Anger follows California budget crisis deal (AFP)

LOS ANGELES (AFP) –
Anger over proposals to solve California's budget crisis are mounting as reports said the plan would see thousands of prisoners released and billions slashed from education spending.

The Los Angeles Times reported on its website that the budget deal, announced by California Governor Arnold Schwarzenegger and bipartisan lawmakers on Monday, would involve the early release of thousands of inmates.

The Times said the reduction would be achieved through a combination of measures including allowing prisoners to finish their sentences on home detention and creating incentives for completion of rehabilitation plans.

The prison inmate proposal would help save the state 1.2 billion dollars in the coming fiscal year, the Times reported.

Los Angeles County Sheriff Lee Baca meanwhile condemned the budget, saying other cuts to local government would force authorities across the state to shut down jails or slash officers from street patrol.

"I think it is one thing to have a natural disaster... but it is another thing to have local cities and counties hit by a disaster predicated on the irresponsible actions of the state legislators," Baca told the Times.

California's fiscal woes have deepened as the state reels under the effects of the recession, which have sent unemployment and home foreclosures soaring and state revenues plunging to levels not seen since the 1990s.

The budget crisis pushed the state to the brink of bankruptcy and forced California to start paying its bills with IOUs earlier this month.

The details of the budget -- designed to plug a 26.3-billion-dollar gap in California's finances -- have not been formally released. The budget plan is to be put before lawmakers in Sacramento for approval on Thursday.

However public employees and local governments voiced opposition to the proposed budget on Tuesday as details began to filter out.

Monday's deal reportedly allows for some 15 billion dollars in spending cuts, including slashing around nine billion dollars from schools, community colleges and state university programs.

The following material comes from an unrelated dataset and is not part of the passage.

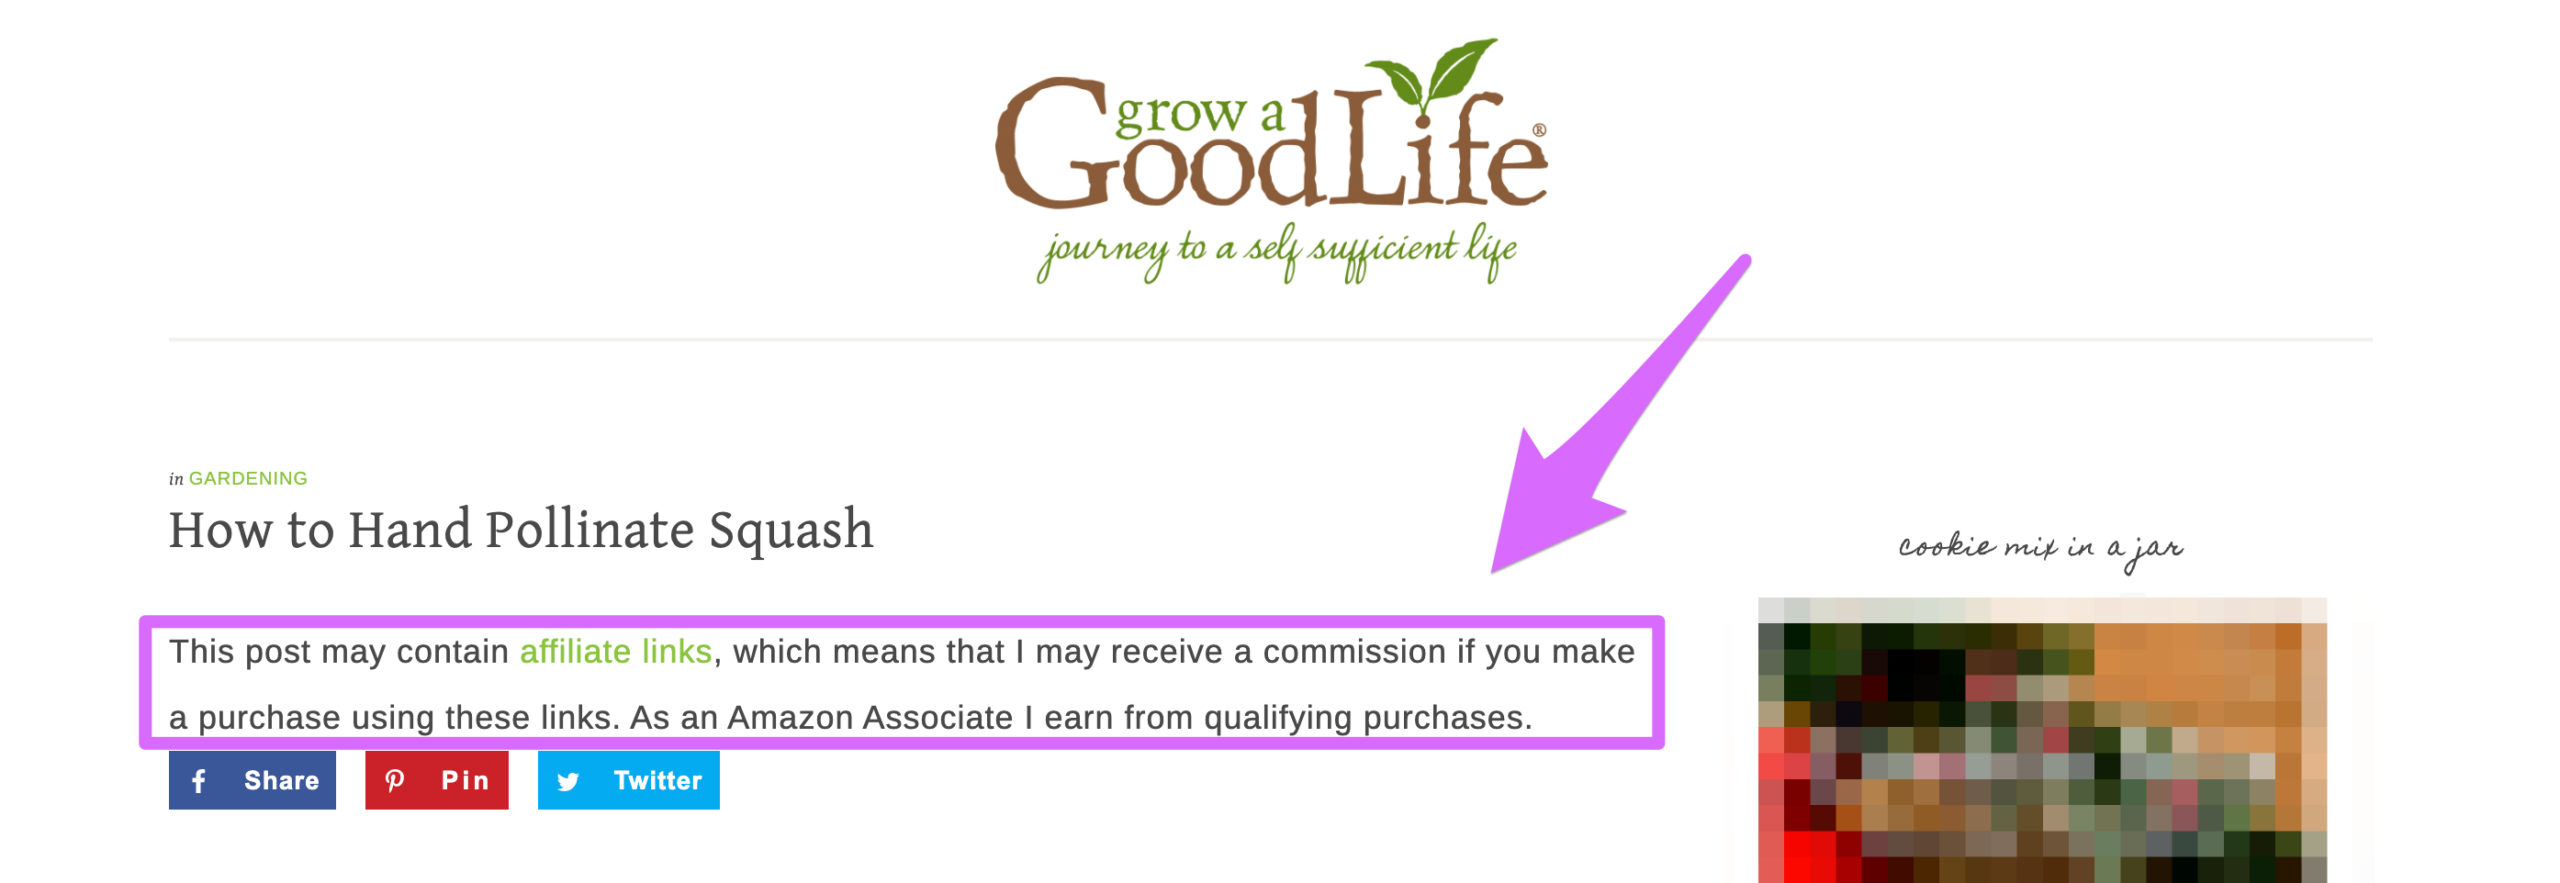 grow a good life disclaimer in header
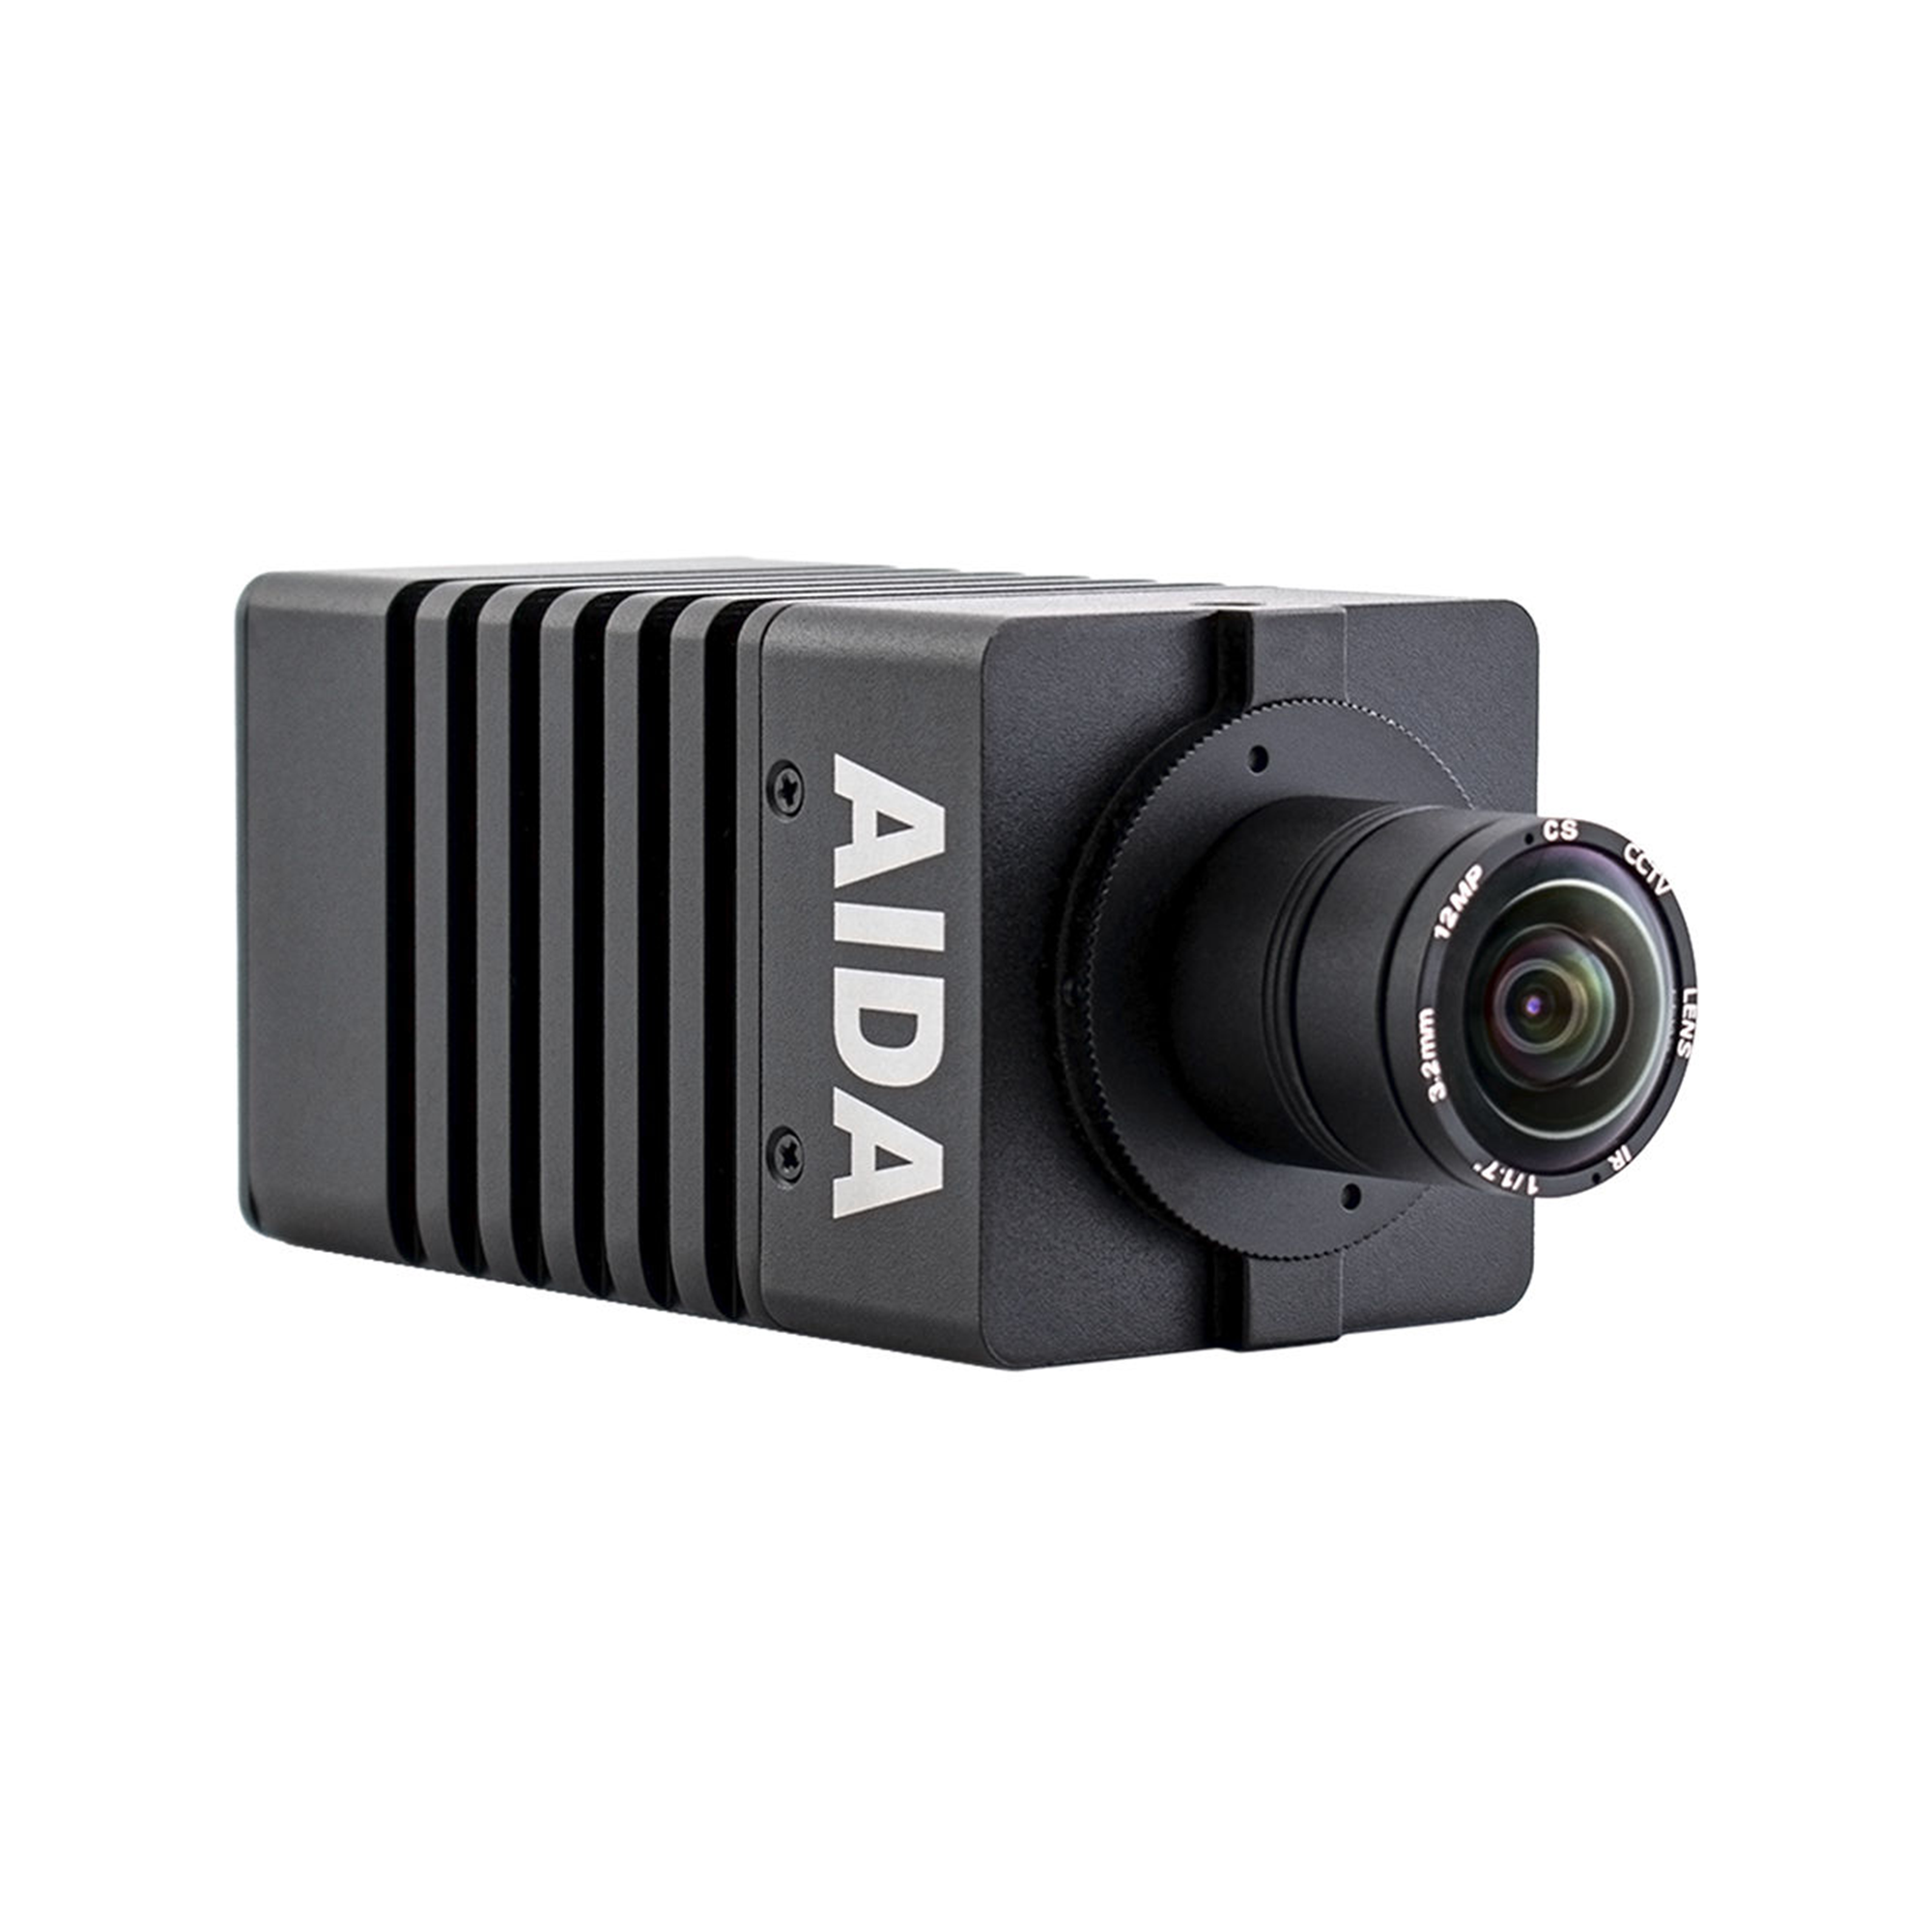 AIDA Imaging UHD-200 4K 60p POV Camera with Varifocal Lens

It also cuts around 1.3 billion dollars from a state health care program for the poor as well some 124 million dollars from a scheme to provide health insurance to more than 900,000 children in low-income households.

"The budget revision that we are going to be voting on contains painful solutions for all Californians," California Assembly speaker Karen Bass said.

Although Democratic legislators have insisted future spending will return to previous levels when California's economy improves, sceptical union leaders urged the state assembly to reject the budget.

The leader of the California Federation of Teachers (CFT) responded to the budget with dismay.

"The priorities are wrong. Massive cuts to all levels of education while, at the same time, preserving unproductive corporate tax breaks, is a blueprint for further California decline," CFT President Marty Hittelman said.

The leader of the 340,000-strong California Teachers Association, David Sanchez, called on legislators to pass the budget to allow educators to plan for the future.

But Sanchez acknowledged that the cuts would see students return to school to find "fewer teachers, fewer course offerings and fewer resources."

"Class sizes will be painfully larger and many art, music, career technical education and other vital programs are gone," Sanchez said.

Analysts meanwhile noted that the budget included accounting tactics which would defer costs to the following fiscal year, something Schwarzenegger had earlier this year decried as "kicking the can down the alley."

Daniel J. B. Mitchell, professor at the University of California Los Angeles, said there was no quick fix to the state's budget woes.

"We keep squeezing and chopping away but each year we're incurring debt in one way or another for each time we run through this cycle," he told AFP.

"This budget proposal did kick the can down the alley.... There's all kinds of de facto borrowing built in to this and borrowing means you take the money now and pay it later."